▶ [Work item]
Exactly the lines from the one with "DART CONTROLS调速器, 型号: 125DV-C-K" through the final line of the entries, and nothing else, should appear in the answer; no pictures go in it.

▶ [Data supplied]

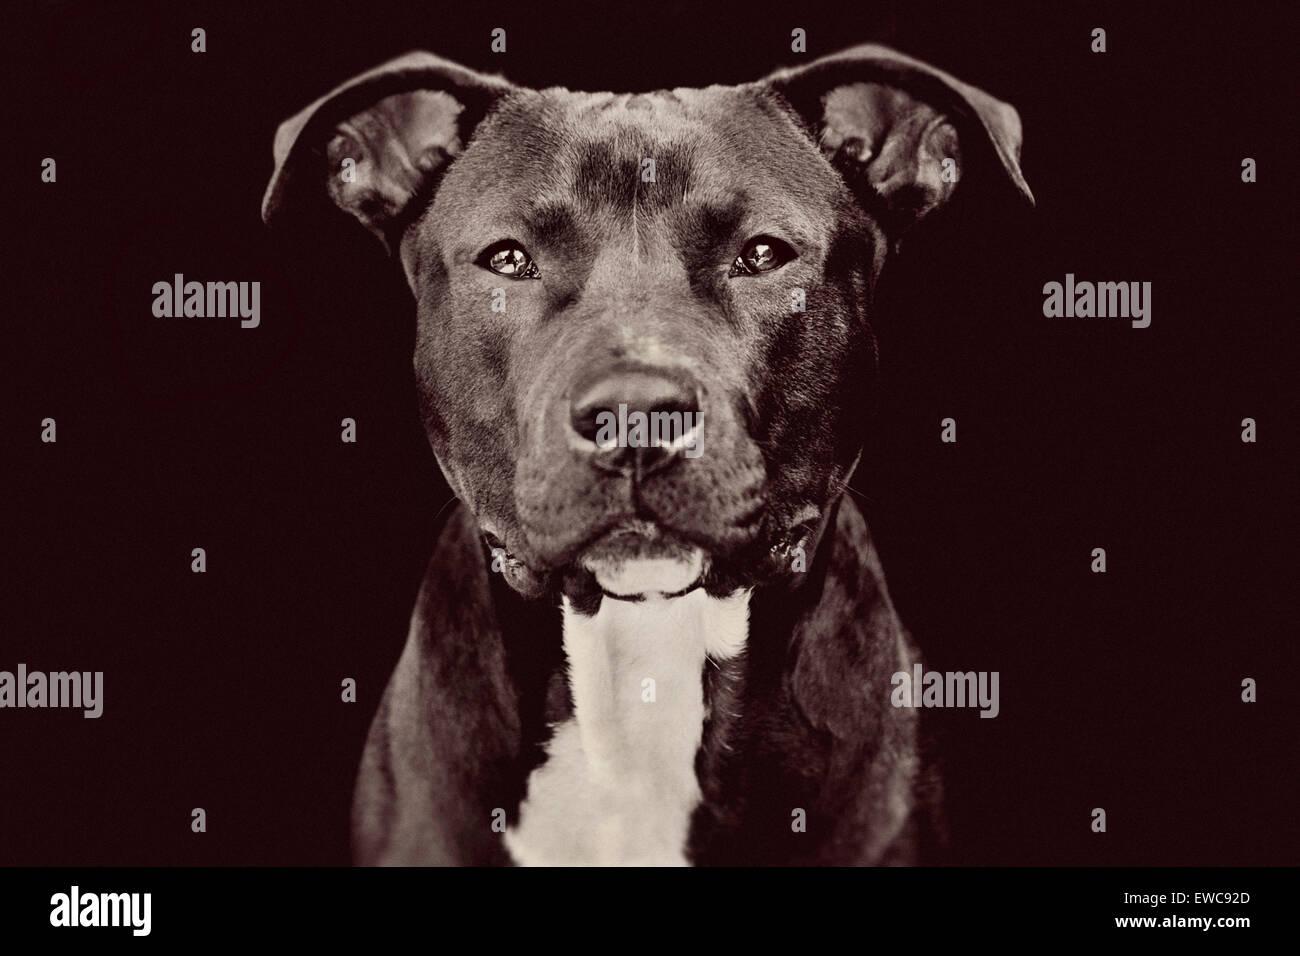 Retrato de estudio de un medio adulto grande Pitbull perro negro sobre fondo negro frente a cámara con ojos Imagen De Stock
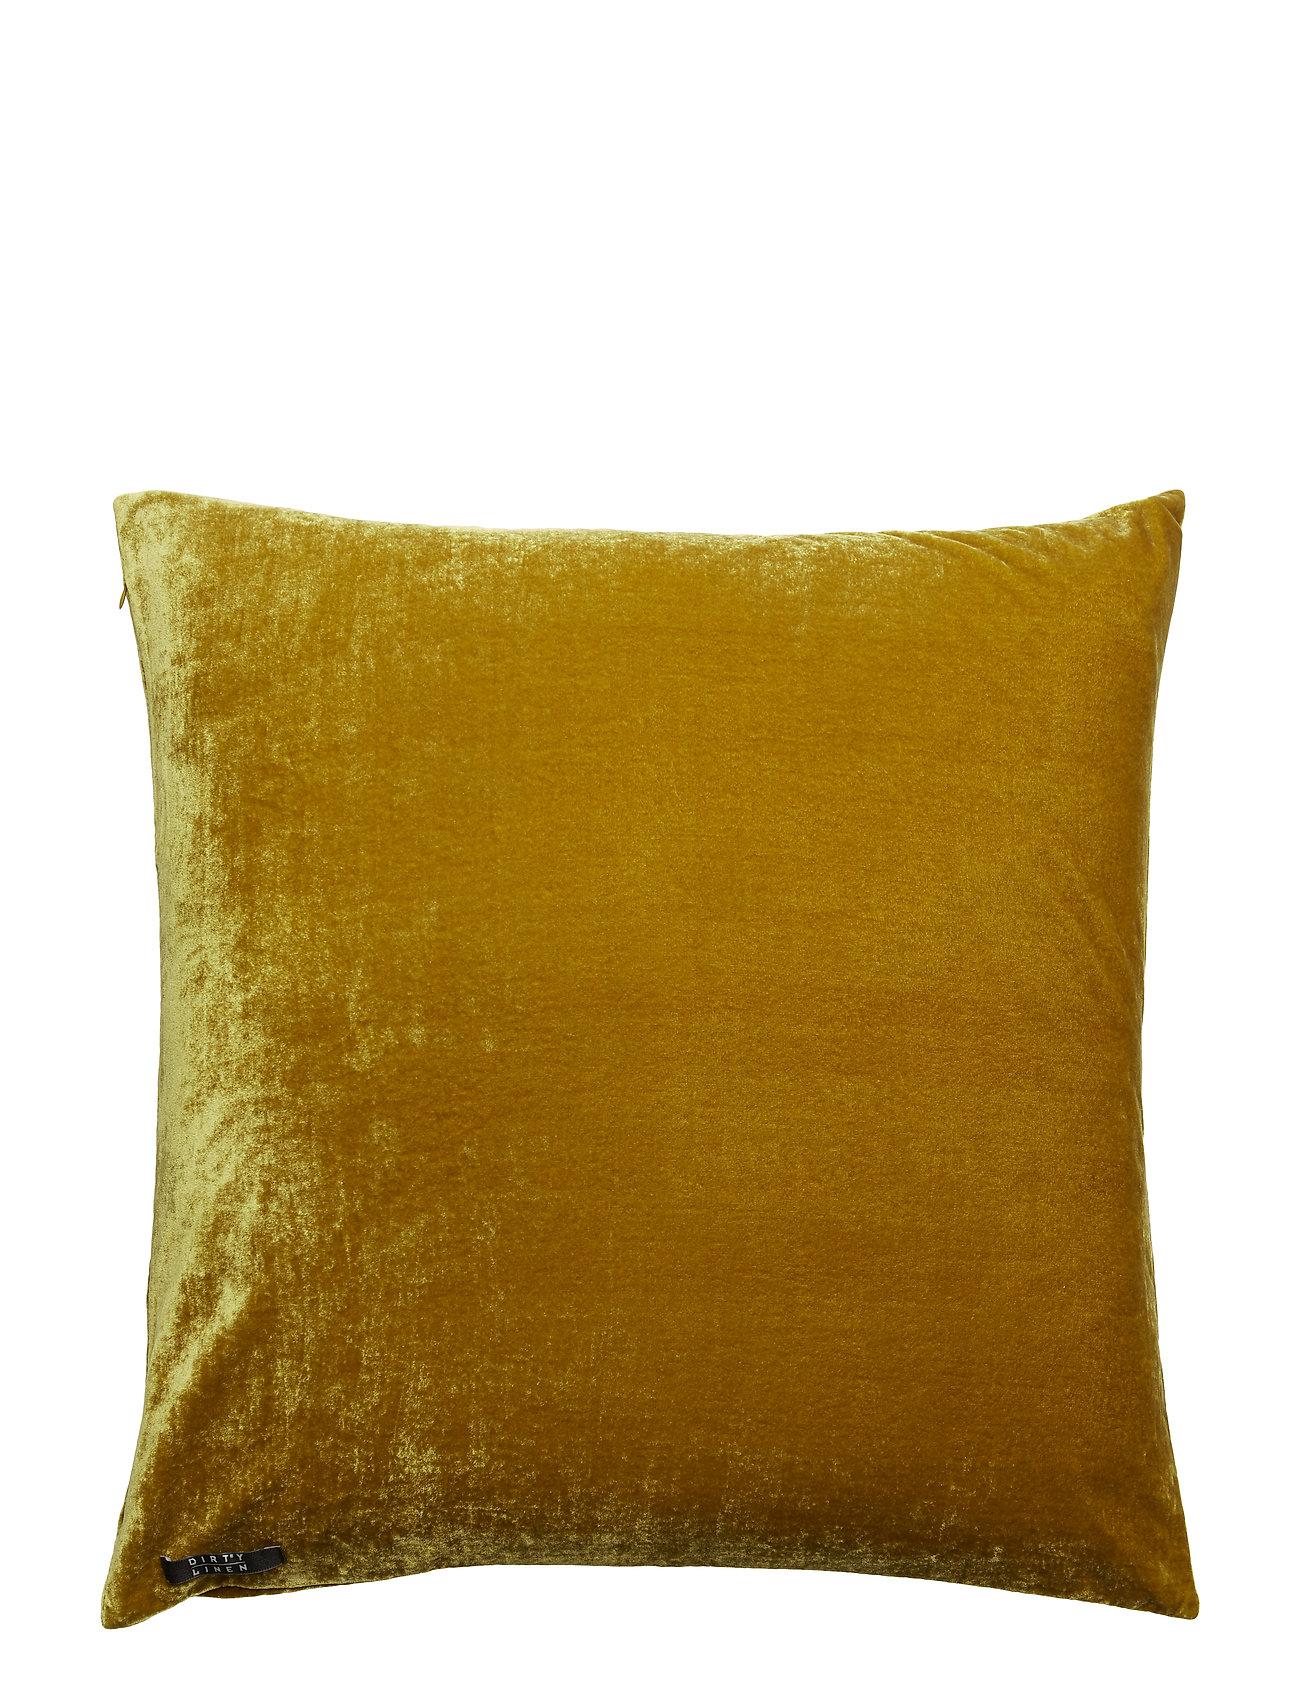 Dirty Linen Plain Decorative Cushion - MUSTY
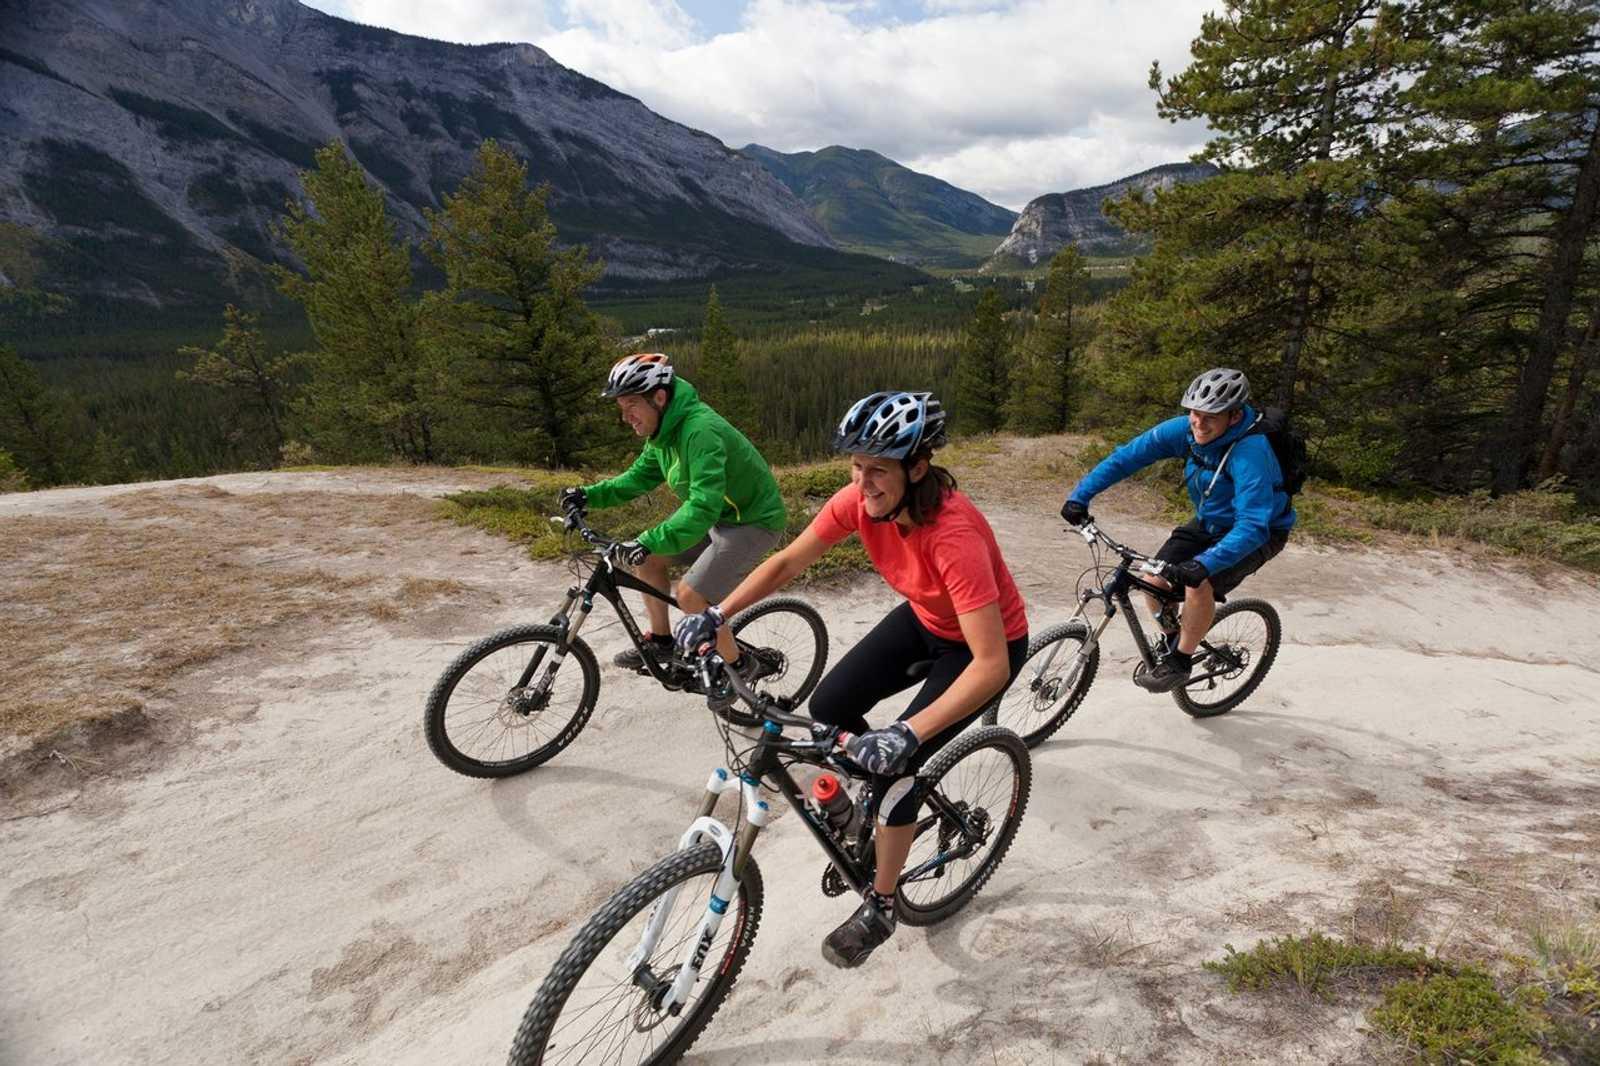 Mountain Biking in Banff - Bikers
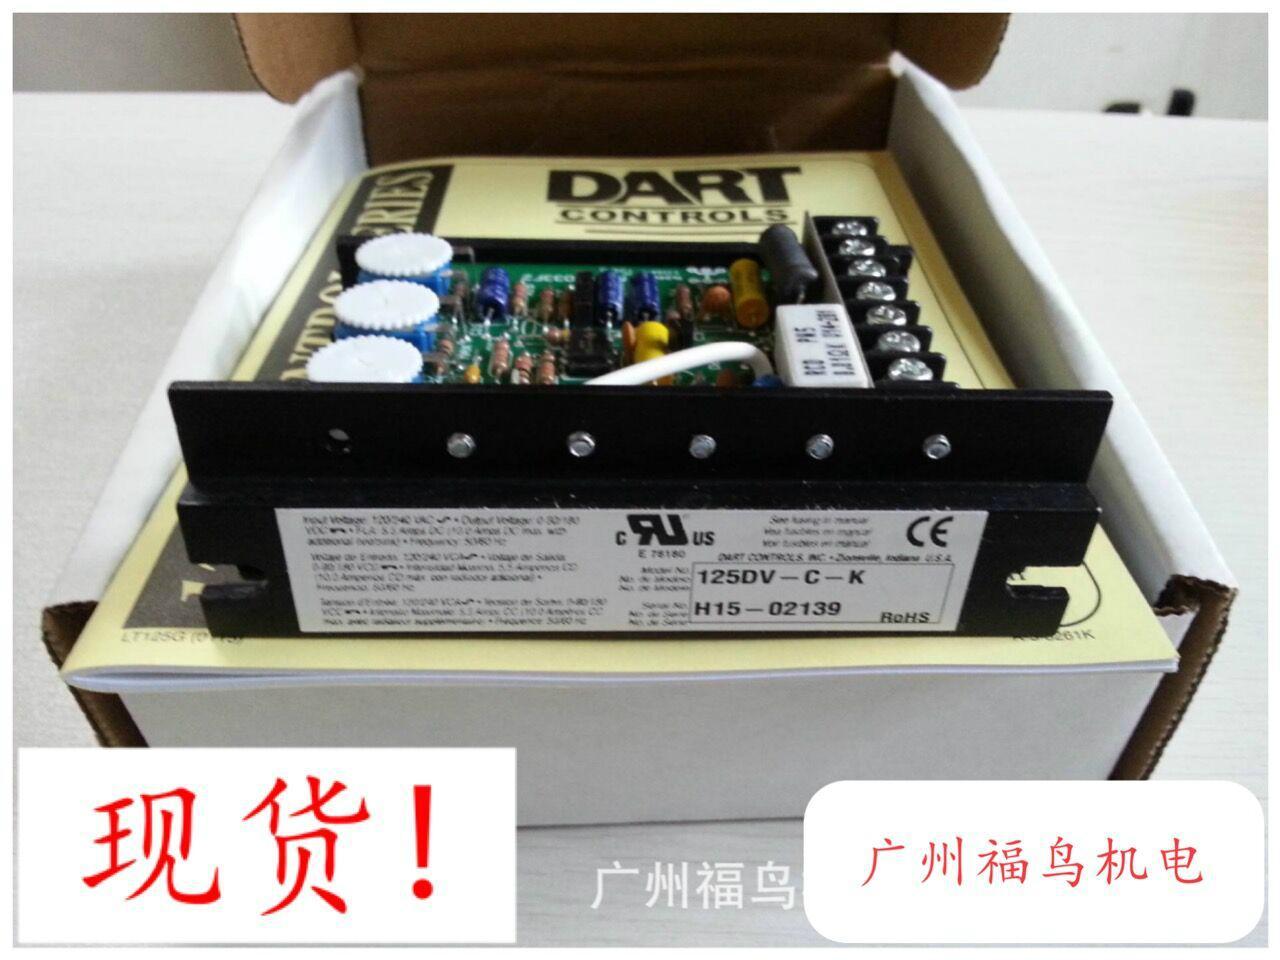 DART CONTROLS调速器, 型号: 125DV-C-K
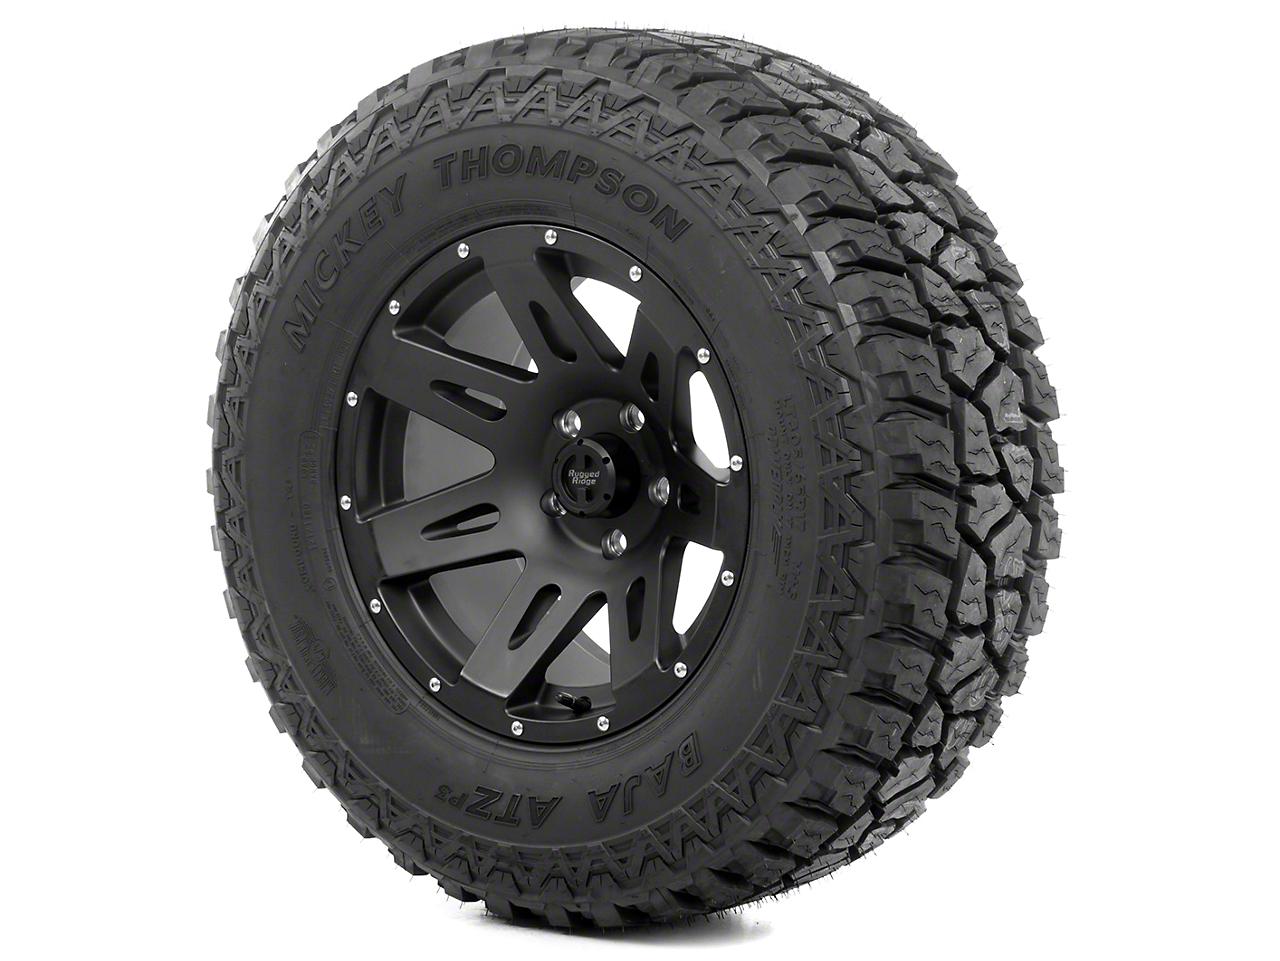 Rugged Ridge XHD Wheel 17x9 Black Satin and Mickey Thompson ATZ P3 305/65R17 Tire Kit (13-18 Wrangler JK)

▶ [Result of the task]
 DART CONTROLS调速器, 型号: 125DV-C-K
 Rugged Ridge XHD Wheel 17x9 Black Satin and Mickey Thompson ATZ P3 305/65R17 Tire Kit (13-18 Wrangler JK)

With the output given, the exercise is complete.